That person is Jesus... and he already showed us everything we need to know.

The Bible already delivered to us the once and only true formula to conquer our sexual addictions. It is all written there...we just need to find it and understand it.

 If God gave it to us all step by step in one book then we would not have to read anything else of the Bible once we were done with that part.

He wants us to study Him by reading and understanding the Bible. The Bible is the complete life manual covering everything we need to know about our stay in earth and our coming into eternal life. 

This is the purpose of http://www.JesusOvercame.com . To combine biblical teachings with actual experiences so that we can understand not just pornography but the works of the devil and in that way be prepared to combat this Giant. It is however up to us to seek His wisdom directly and submerge ourselves into prayer and fasting.

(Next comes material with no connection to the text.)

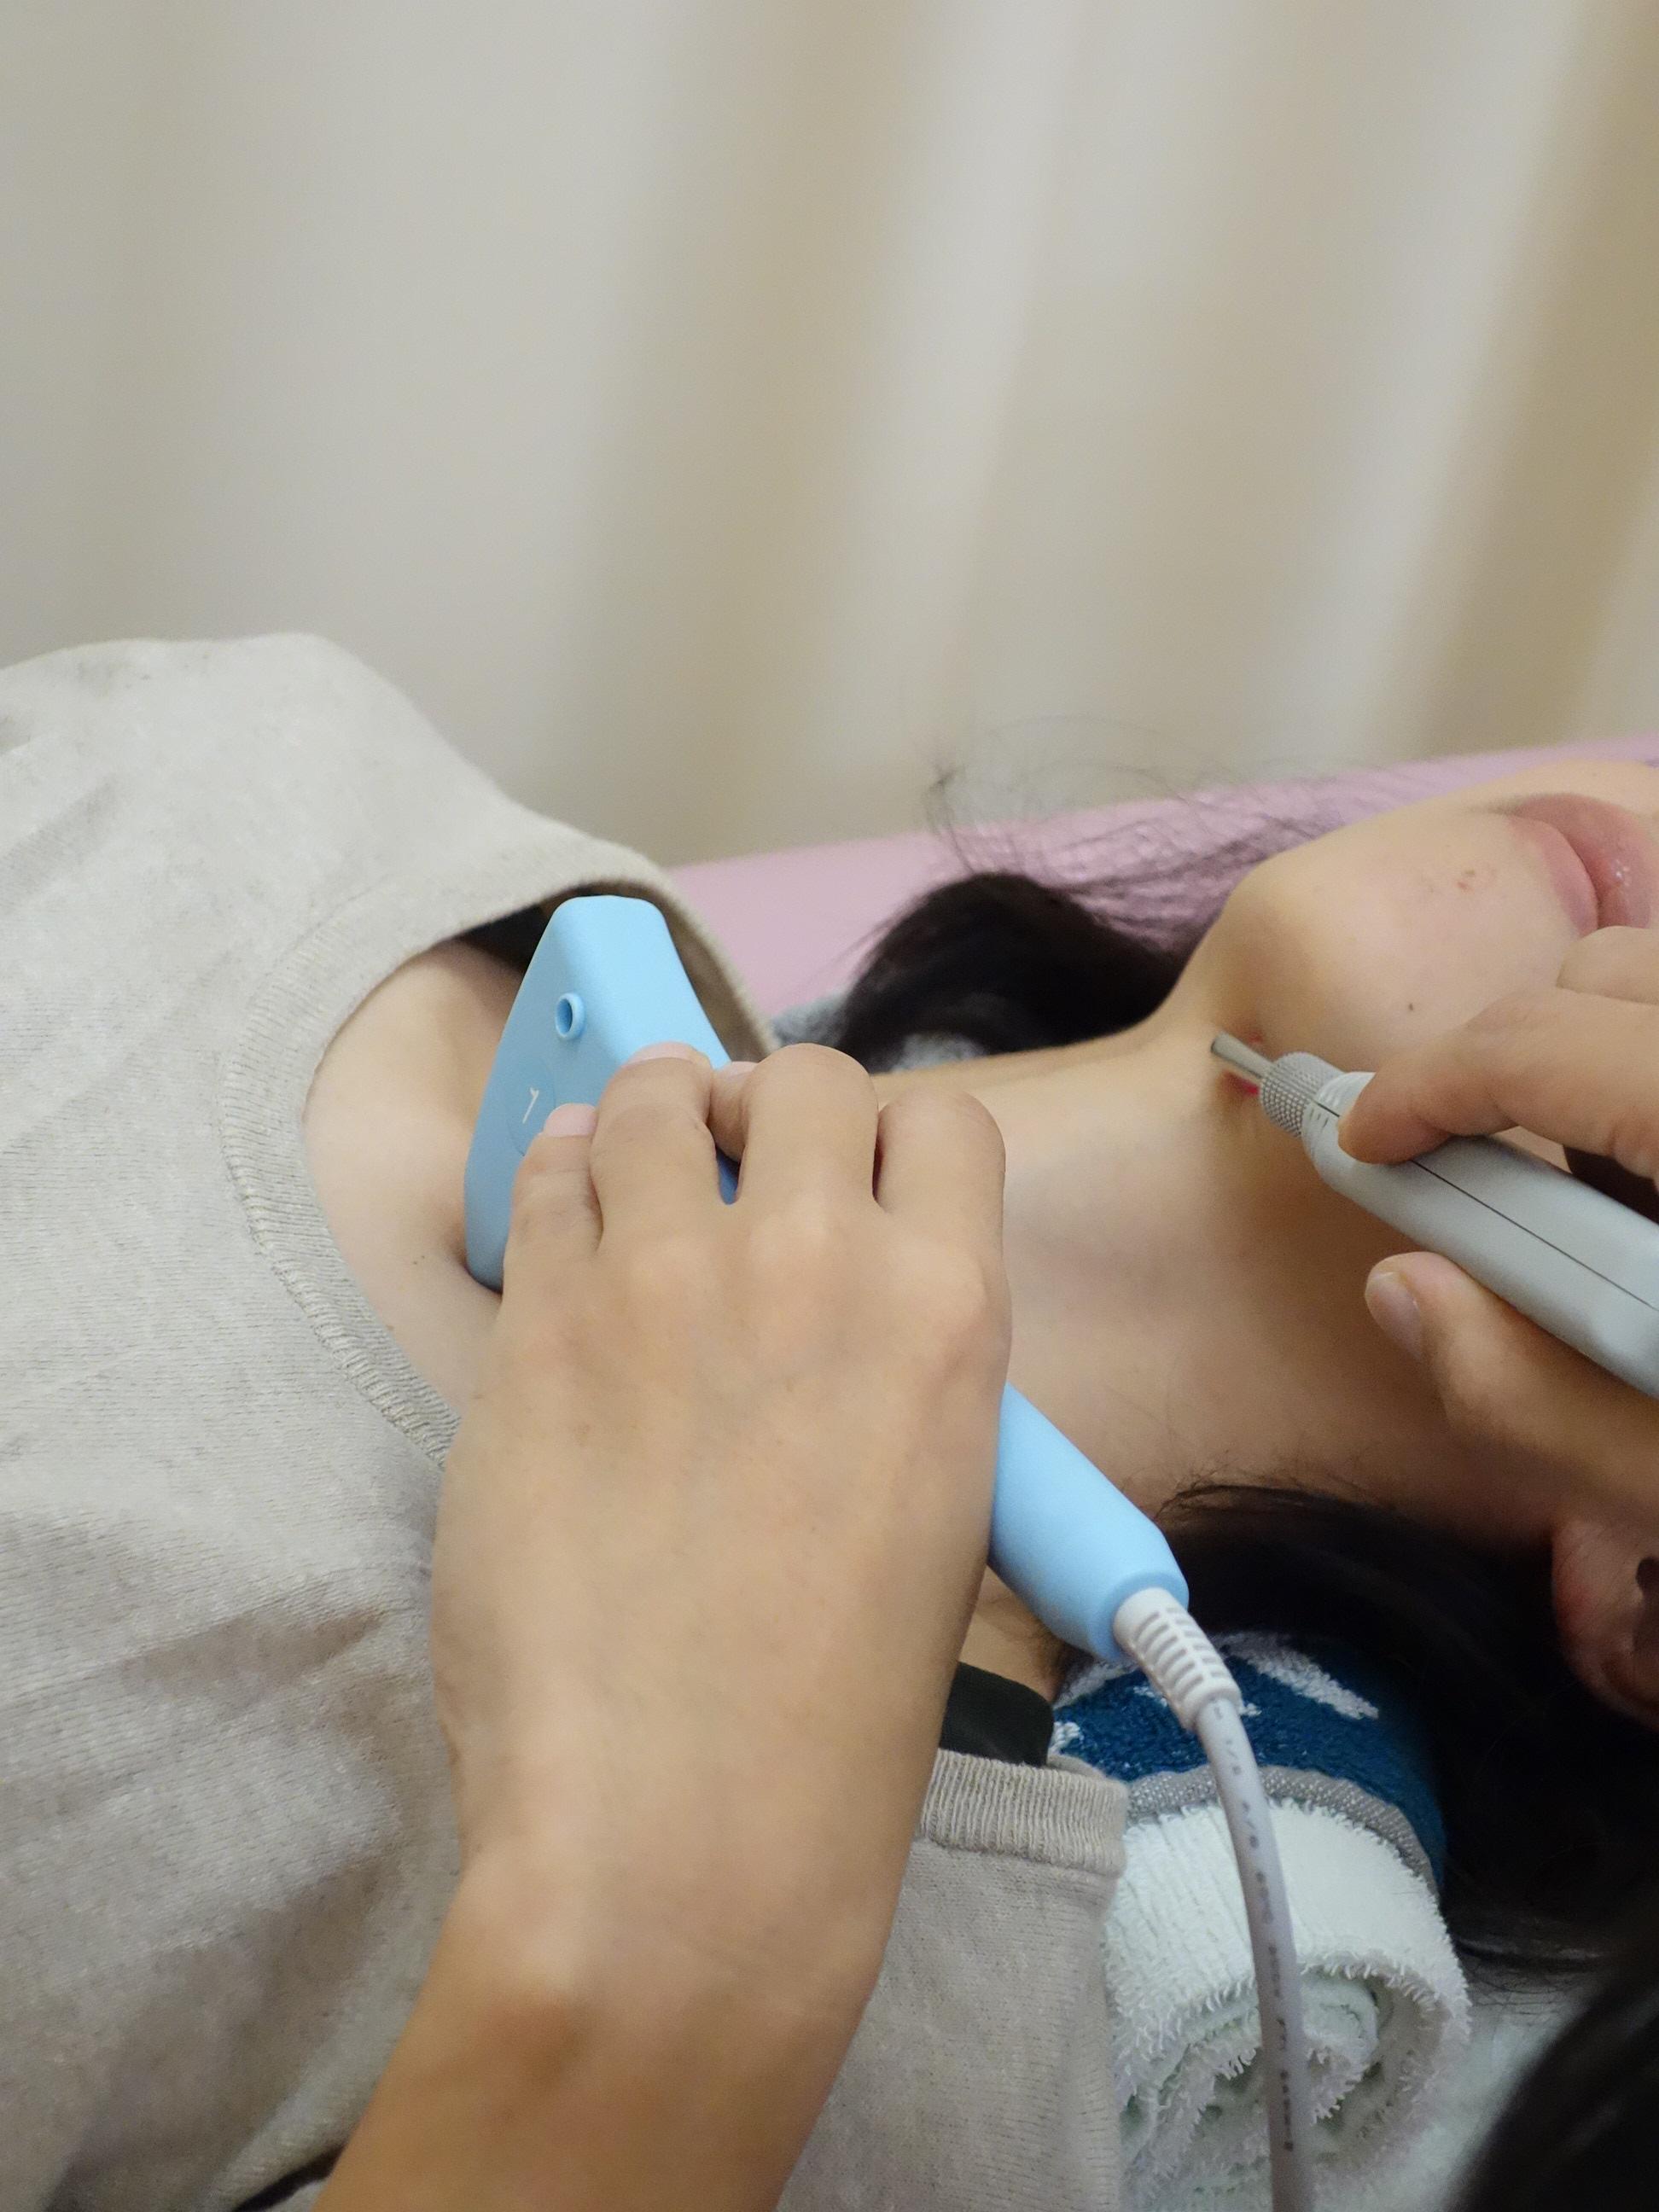 脊柱管狭窄症の遠絡(えんらく)療法の治療をしている女性

The Word of God is truth and all its teachings will apply now and forever. Remember:

God is no respecter of persons, what he will do for me, he will also do for you.

There is power in the Blood of Jesus and in the Word of the Lord.

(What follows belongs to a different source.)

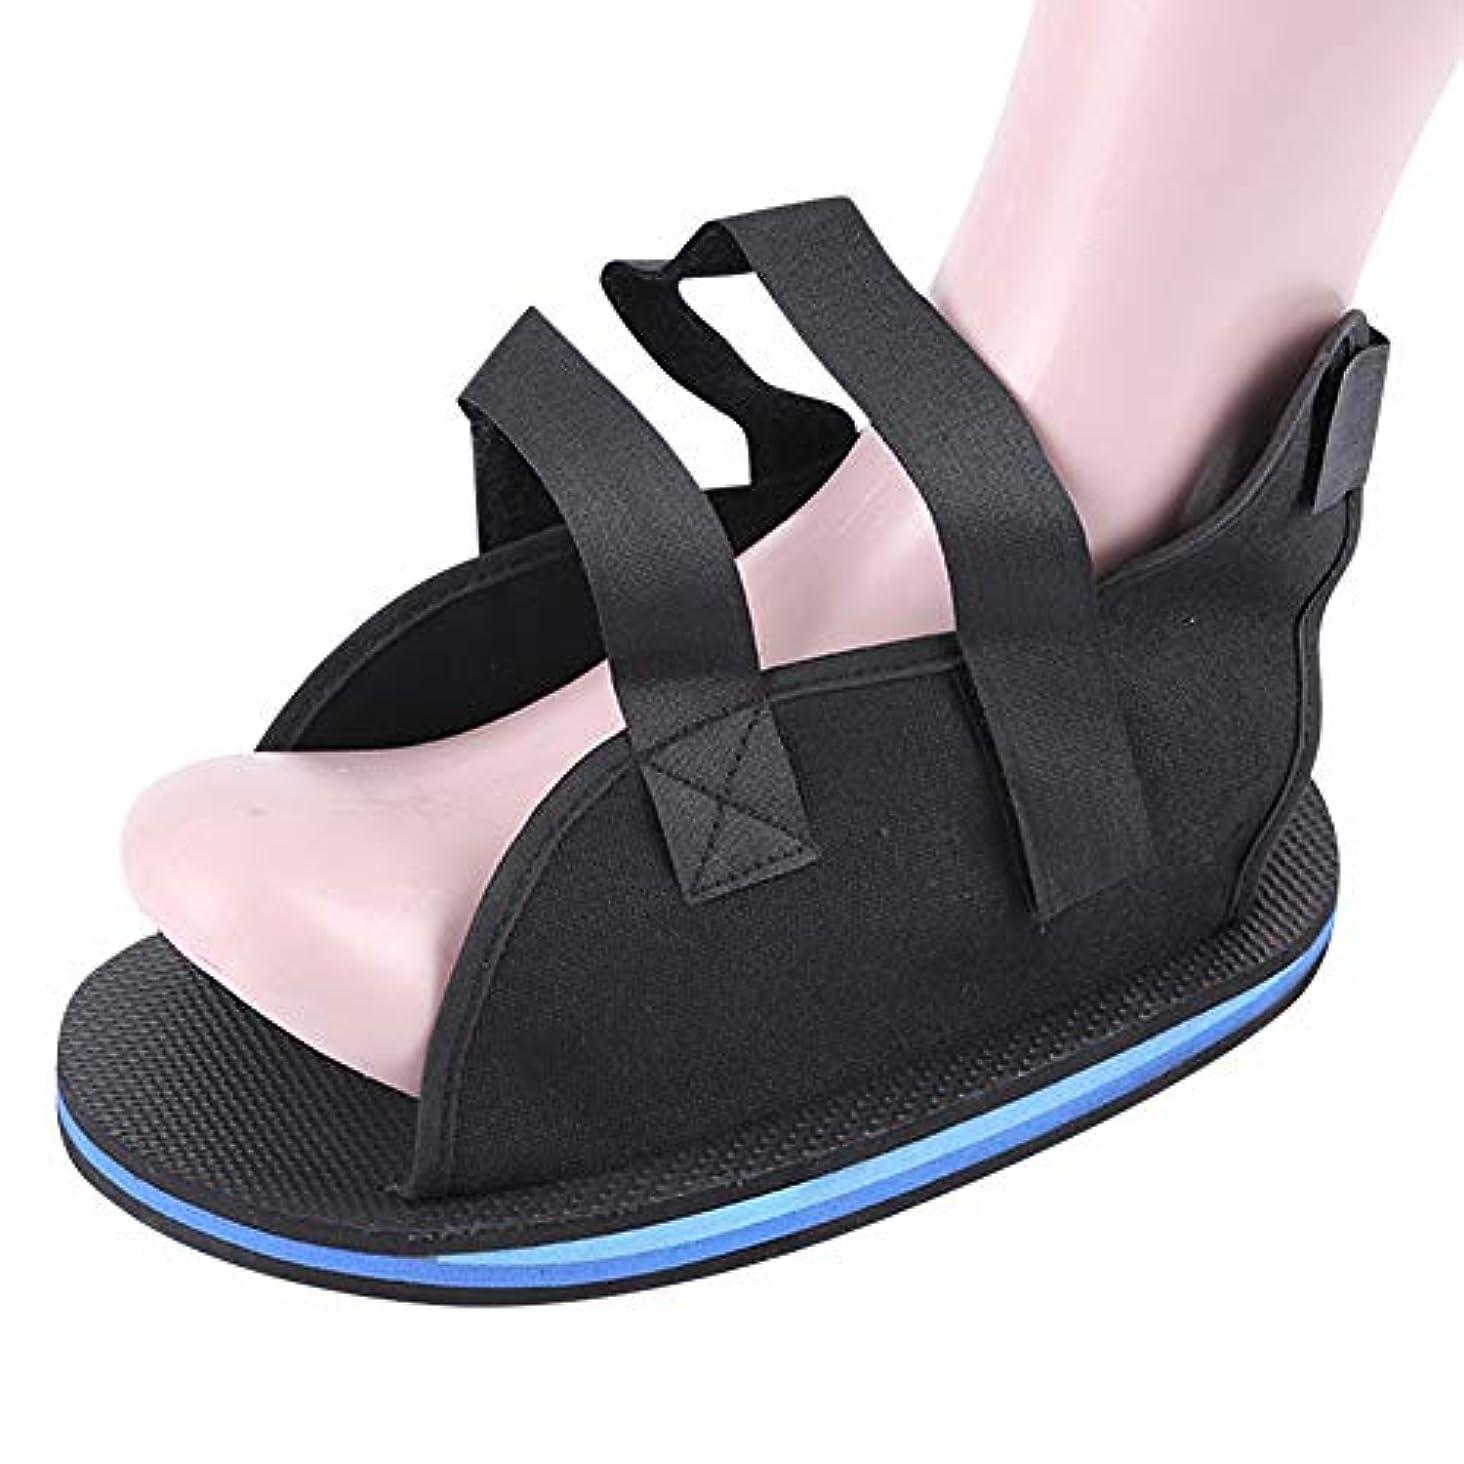 花婿フルーツ船外uirendjsf 術後石膏靴 - 石膏靴 足骨折 靴カバー 保護足 リハビリテーション 手術靴

So I guess what I am saying to you is.....

Get to know God in a more intimate way because there lays the answer you are looking for.

I also struggled for a long time and nothing seemed to work. It wasn't until I stopped trying my own ways and submitted to God and not only knew His Word but understood His Word, that I was set free.

 It was the understanding of the Power of the Blood of Jesus that got rid of the compulsive desire. It was the hatred of the sin together will all the other teachings that kept me from going back.

God is going to require a daily commitment from you to stay free once you are released from the bondage. The moment we stray away that will be the moment the "dog returns to its vomit".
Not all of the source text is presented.